» **GIVEN INFORMATION**
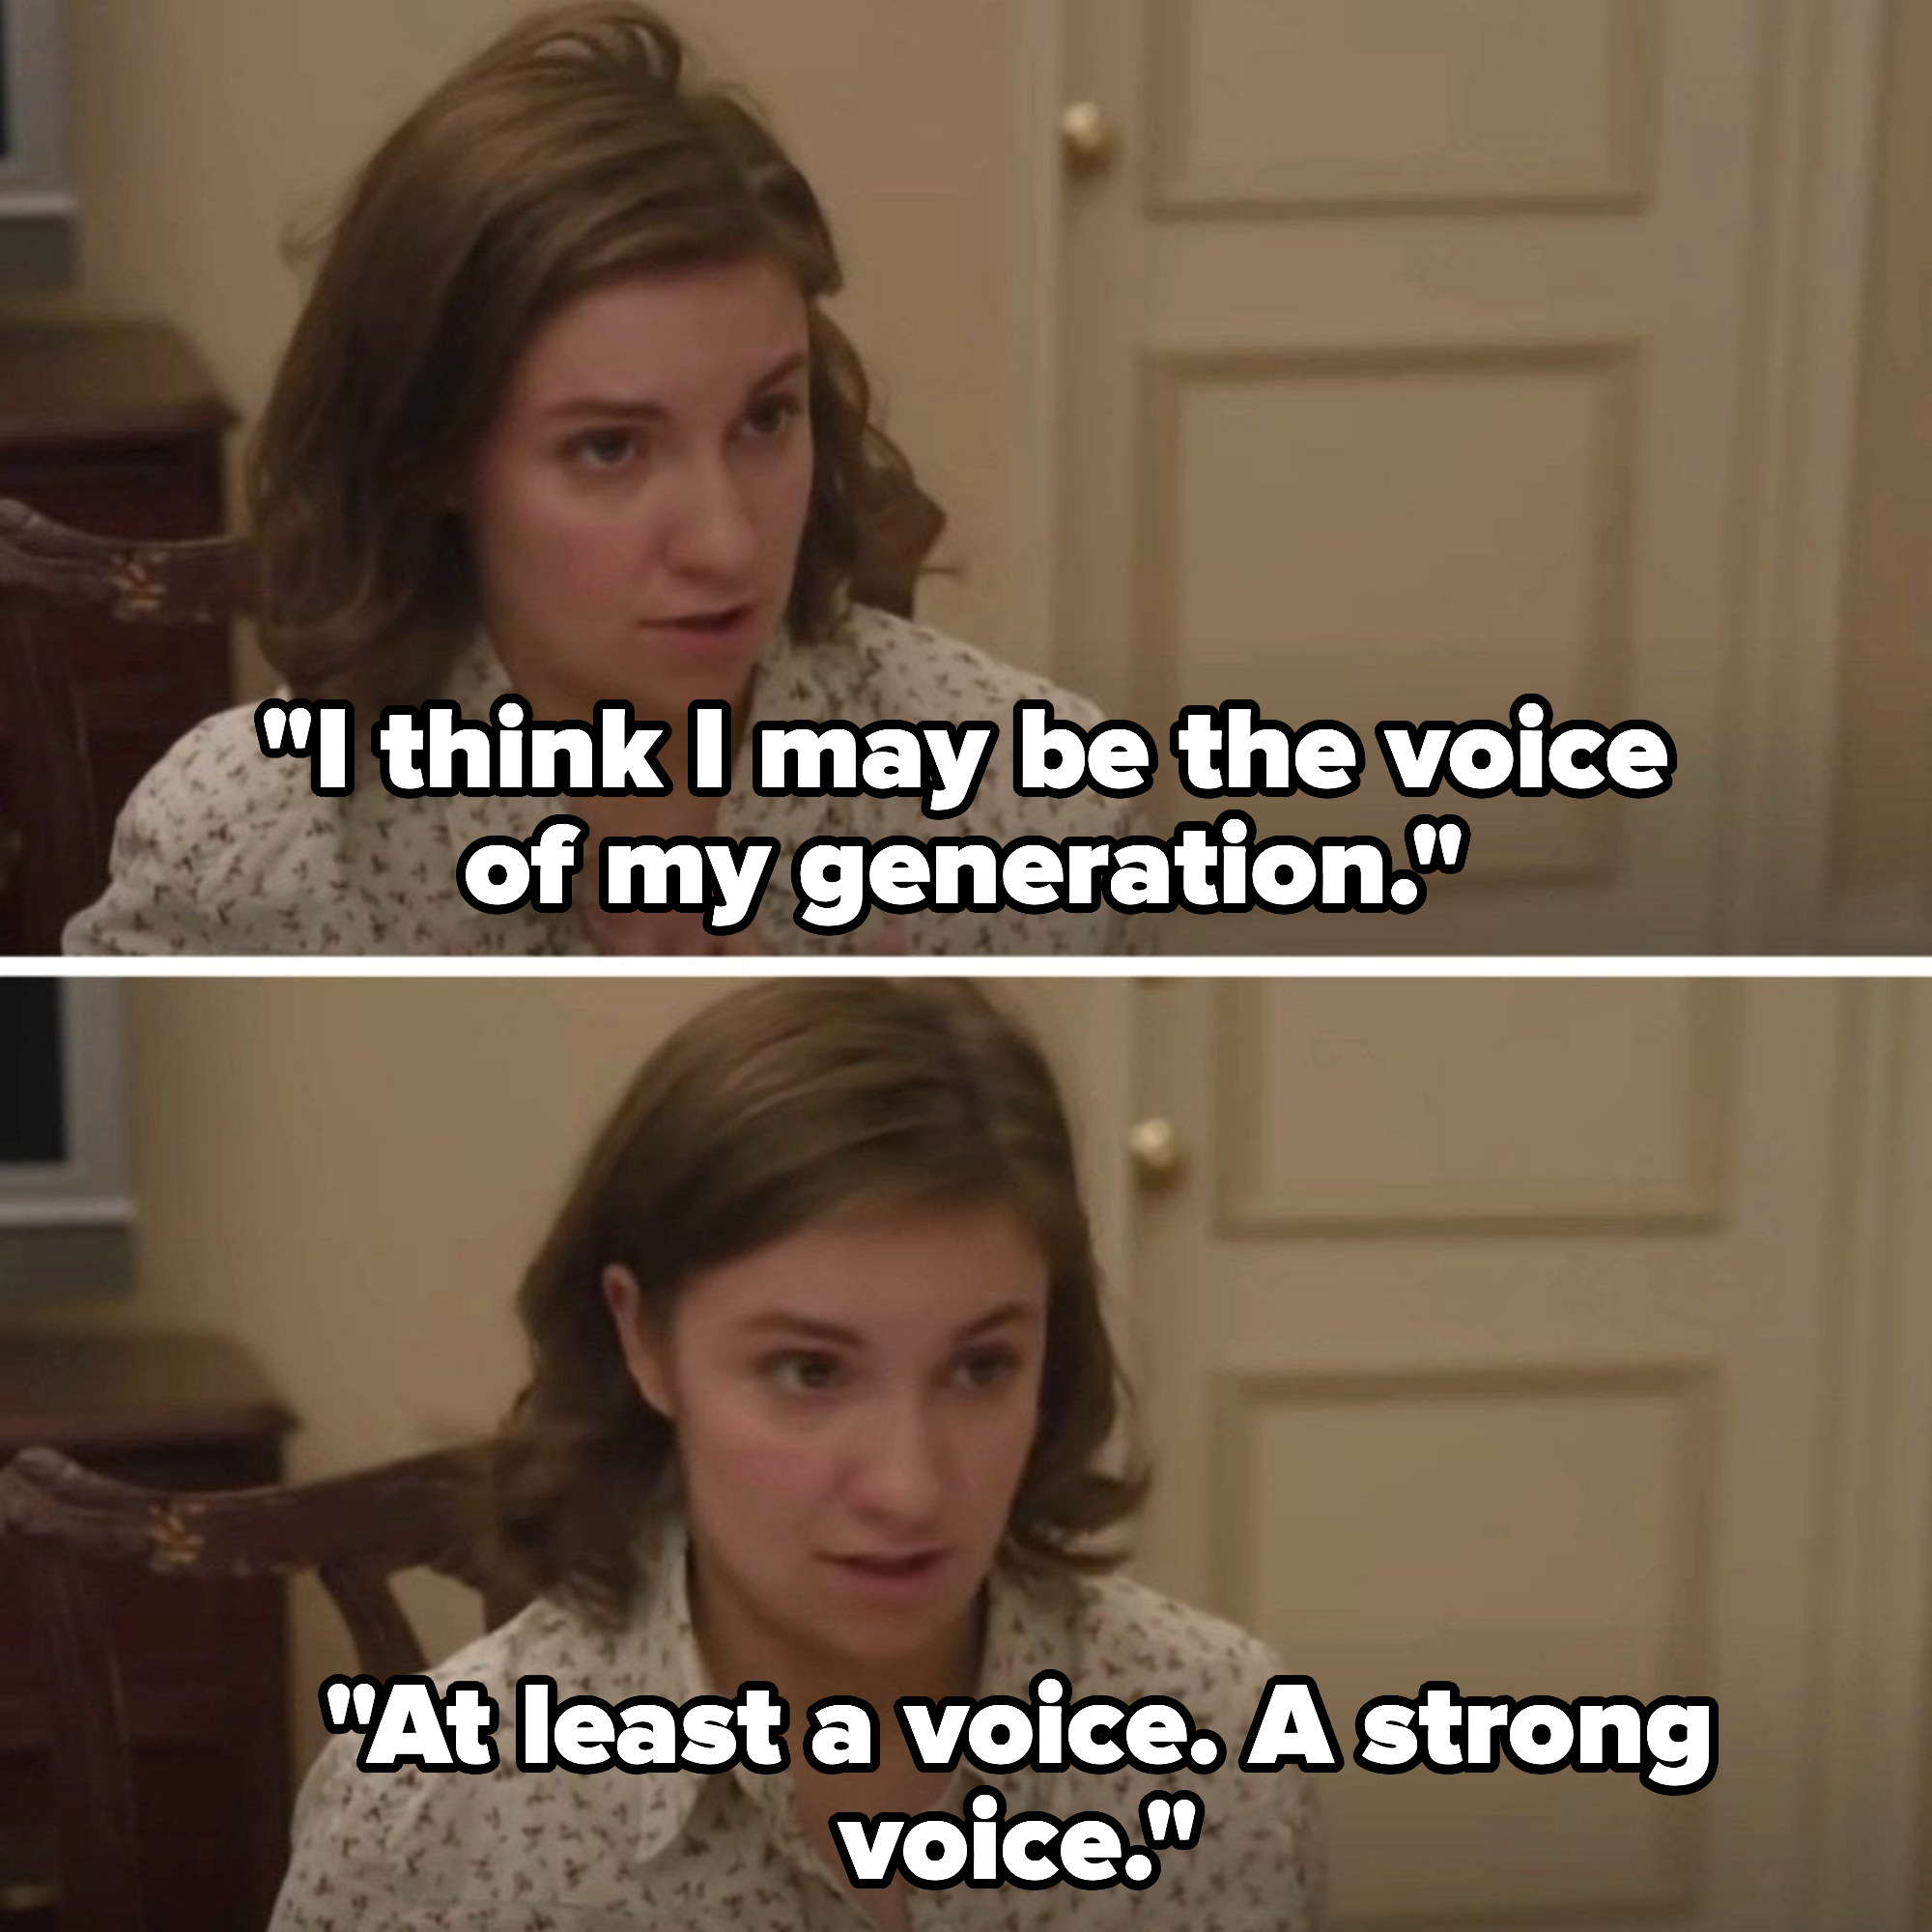 &quot;I think I may be the voice of my generation.&quot;
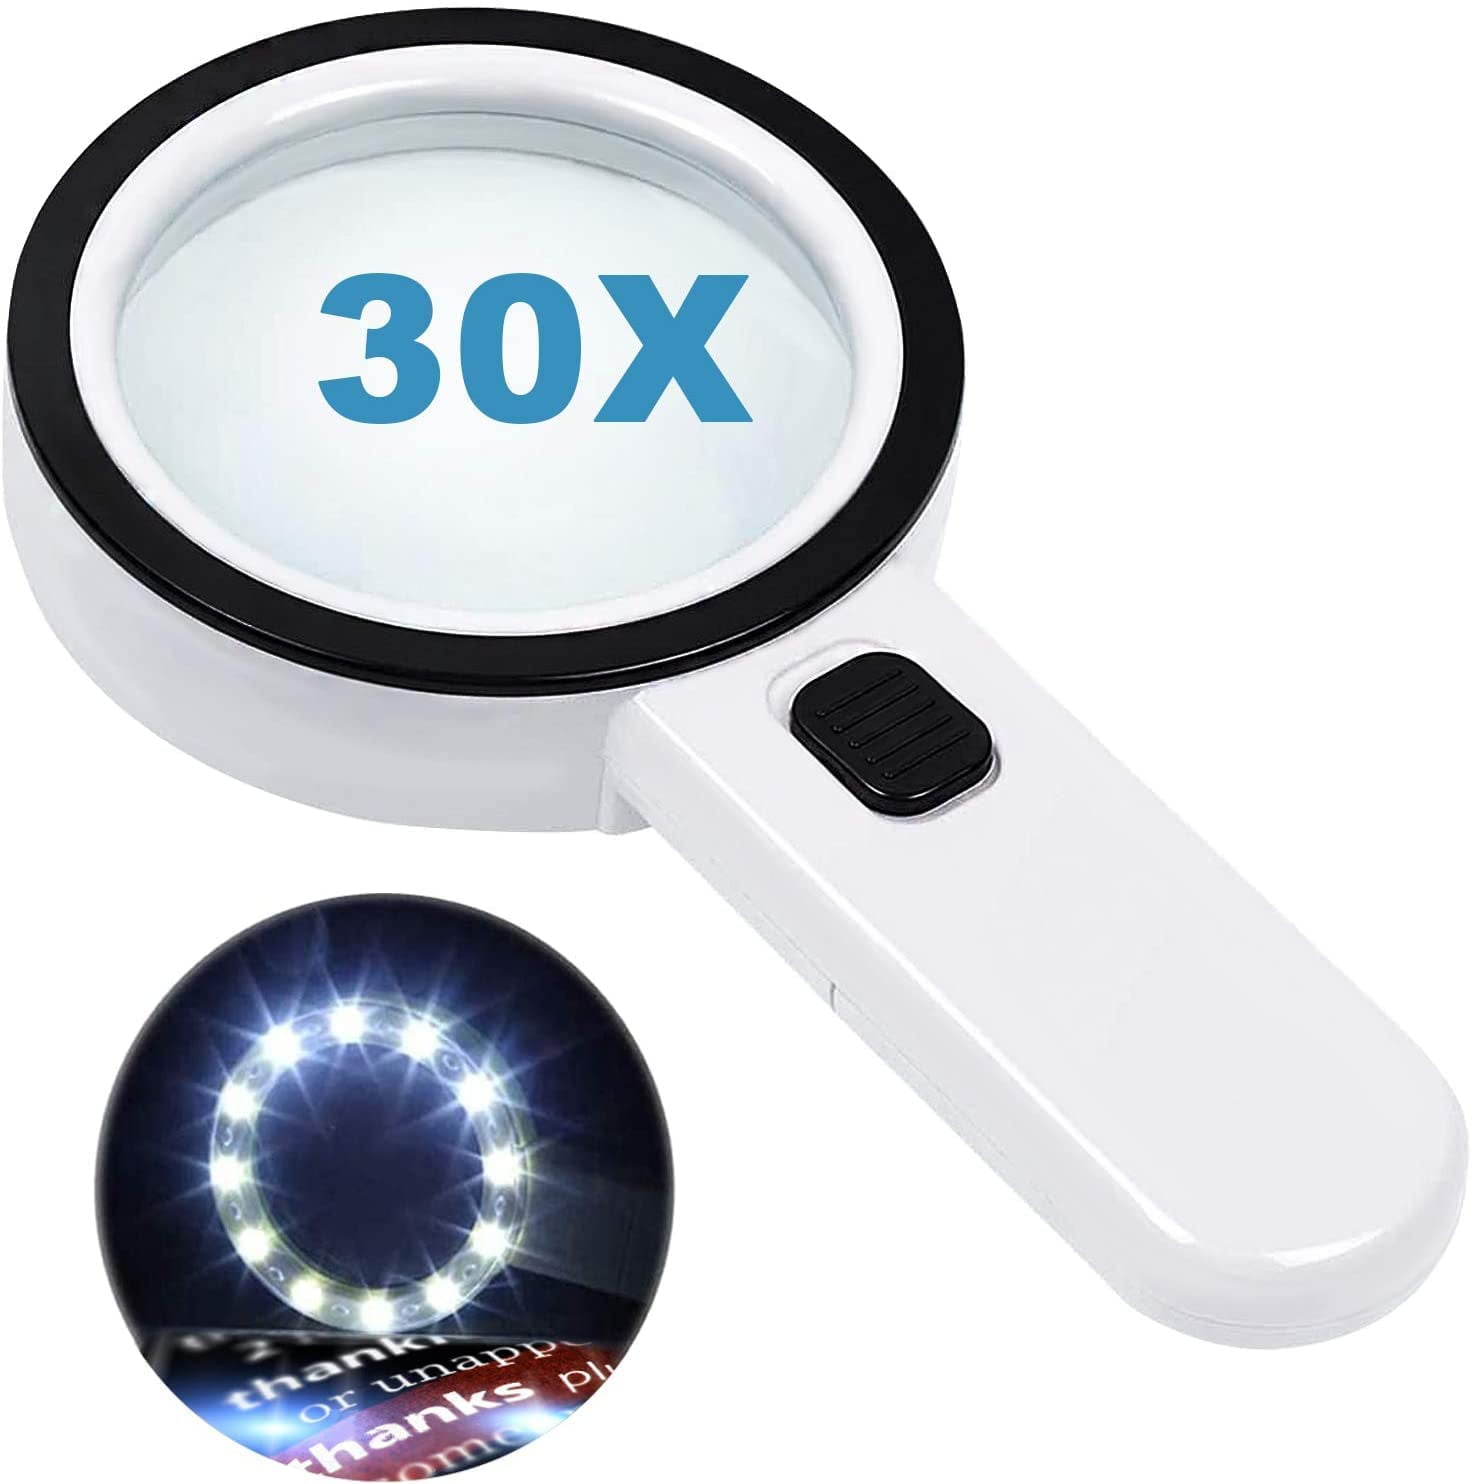 100x magnifying glass For Flawless Viewing And Reading 
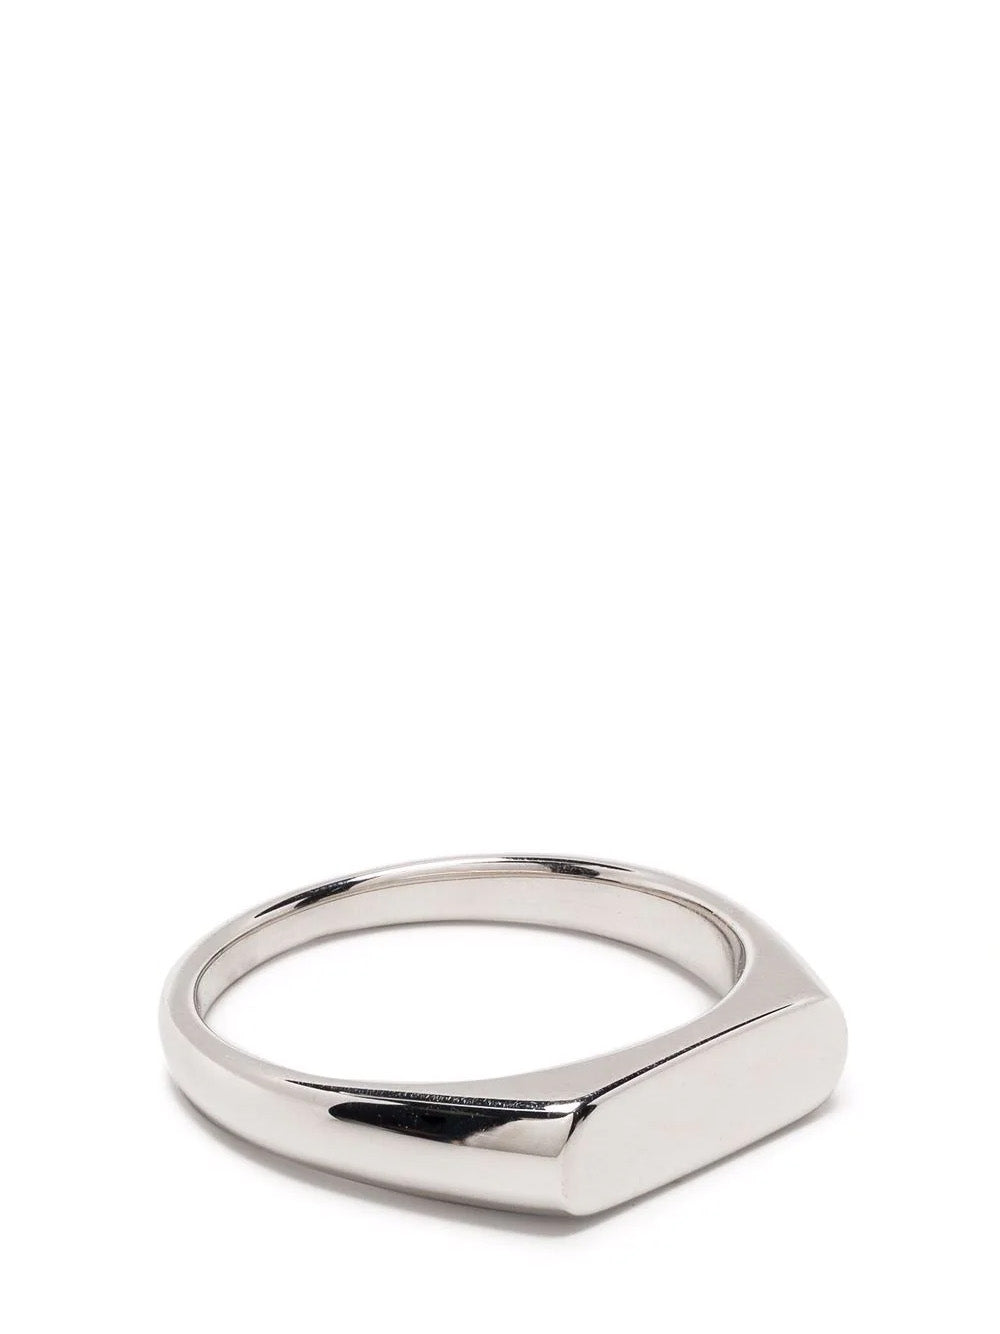     Tom-Wood-Knut-Ring-925-Sterling-Silver-Silver-1

» **DESCRIPTION OF THE TASK**
Begin the copy at the line containing "100x magnifying glass" and end it at the final line of the material above, reproducing each line exactly and omitting pictures.

» **WRITTEN RESPONSE**
 100x magnifying glass For Flawless Viewing And Reading 
     Tom-Wood-Knut-Ring-925-Sterling-Silver-Silver-1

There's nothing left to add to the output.